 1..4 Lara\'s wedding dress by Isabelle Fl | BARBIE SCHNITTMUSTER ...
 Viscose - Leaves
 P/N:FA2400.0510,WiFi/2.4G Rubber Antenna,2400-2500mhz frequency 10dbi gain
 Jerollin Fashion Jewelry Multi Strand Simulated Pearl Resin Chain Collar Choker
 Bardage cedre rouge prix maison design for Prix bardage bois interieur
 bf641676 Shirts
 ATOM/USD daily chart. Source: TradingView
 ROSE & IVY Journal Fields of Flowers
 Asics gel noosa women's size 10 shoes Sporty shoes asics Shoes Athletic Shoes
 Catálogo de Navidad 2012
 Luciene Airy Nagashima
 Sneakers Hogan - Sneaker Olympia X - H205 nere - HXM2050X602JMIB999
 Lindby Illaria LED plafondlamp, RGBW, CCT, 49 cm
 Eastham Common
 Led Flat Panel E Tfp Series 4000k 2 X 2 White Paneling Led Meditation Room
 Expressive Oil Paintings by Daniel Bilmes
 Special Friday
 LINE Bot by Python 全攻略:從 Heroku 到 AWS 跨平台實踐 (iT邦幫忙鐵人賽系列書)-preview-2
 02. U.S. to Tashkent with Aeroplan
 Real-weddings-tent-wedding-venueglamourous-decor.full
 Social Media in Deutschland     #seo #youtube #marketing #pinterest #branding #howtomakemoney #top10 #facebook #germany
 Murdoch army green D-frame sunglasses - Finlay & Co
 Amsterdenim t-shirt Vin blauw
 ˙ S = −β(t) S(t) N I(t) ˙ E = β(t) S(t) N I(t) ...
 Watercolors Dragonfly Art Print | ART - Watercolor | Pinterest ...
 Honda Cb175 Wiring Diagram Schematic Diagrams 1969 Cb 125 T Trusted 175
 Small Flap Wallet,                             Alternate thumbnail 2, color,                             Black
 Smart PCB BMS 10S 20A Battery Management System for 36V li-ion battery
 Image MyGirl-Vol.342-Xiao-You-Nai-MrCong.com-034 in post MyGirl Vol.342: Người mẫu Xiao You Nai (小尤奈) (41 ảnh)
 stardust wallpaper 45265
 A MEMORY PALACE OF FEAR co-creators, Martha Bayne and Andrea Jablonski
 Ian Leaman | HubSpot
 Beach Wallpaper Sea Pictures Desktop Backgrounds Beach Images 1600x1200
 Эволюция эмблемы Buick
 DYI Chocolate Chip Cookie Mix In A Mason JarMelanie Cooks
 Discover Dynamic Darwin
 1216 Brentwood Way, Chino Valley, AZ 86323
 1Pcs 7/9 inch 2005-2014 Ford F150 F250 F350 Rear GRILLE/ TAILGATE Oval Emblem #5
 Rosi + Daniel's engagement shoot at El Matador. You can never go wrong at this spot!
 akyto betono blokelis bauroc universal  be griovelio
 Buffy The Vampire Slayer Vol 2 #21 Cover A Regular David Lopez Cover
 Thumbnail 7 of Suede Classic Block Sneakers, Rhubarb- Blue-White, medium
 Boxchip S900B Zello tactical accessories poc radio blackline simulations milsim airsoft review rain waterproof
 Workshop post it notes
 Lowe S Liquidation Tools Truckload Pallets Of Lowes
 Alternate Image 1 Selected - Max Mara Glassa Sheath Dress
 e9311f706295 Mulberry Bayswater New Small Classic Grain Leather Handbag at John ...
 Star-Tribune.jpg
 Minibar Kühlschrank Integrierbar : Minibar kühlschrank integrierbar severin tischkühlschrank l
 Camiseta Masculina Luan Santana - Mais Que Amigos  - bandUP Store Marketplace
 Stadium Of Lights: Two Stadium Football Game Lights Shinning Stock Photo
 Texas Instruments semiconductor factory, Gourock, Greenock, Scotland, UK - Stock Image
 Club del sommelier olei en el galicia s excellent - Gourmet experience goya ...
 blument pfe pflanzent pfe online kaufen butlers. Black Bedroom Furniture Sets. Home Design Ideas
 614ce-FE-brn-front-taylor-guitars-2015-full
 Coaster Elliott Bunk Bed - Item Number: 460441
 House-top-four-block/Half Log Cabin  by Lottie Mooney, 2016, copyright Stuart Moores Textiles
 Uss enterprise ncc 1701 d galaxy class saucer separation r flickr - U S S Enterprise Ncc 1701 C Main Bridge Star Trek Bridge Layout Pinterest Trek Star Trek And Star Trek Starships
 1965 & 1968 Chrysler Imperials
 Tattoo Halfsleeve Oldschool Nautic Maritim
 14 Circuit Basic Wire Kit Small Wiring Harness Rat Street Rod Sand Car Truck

— GOAL OF THE EXERCISE —
Using the data above, reproduce exactly the lines between those holding "Sneakers Hogan - Sneaker" and "Amsterdenim t-shirt Vin blauw", inclusive, and no others.

— TASK ANSWER —
 Sneakers Hogan - Sneaker Olympia X - H205 nere - HXM2050X602JMIB999
 Lindby Illaria LED plafondlamp, RGBW, CCT, 49 cm
 Eastham Common
 Led Flat Panel E Tfp Series 4000k 2 X 2 White Paneling Led Meditation Room
 Expressive Oil Paintings by Daniel Bilmes
 Special Friday
 LINE Bot by Python 全攻略:從 Heroku 到 AWS 跨平台實踐 (iT邦幫忙鐵人賽系列書)-preview-2
 02. U.S. to Tashkent with Aeroplan
 Real-weddings-tent-wedding-venueglamourous-decor.full
 Social Media in Deutschland     #seo #youtube #marketing #pinterest #branding #howtomakemoney #top10 #facebook #germany
 Murdoch army green D-frame sunglasses - Finlay & Co
 Amsterdenim t-shirt Vin blauw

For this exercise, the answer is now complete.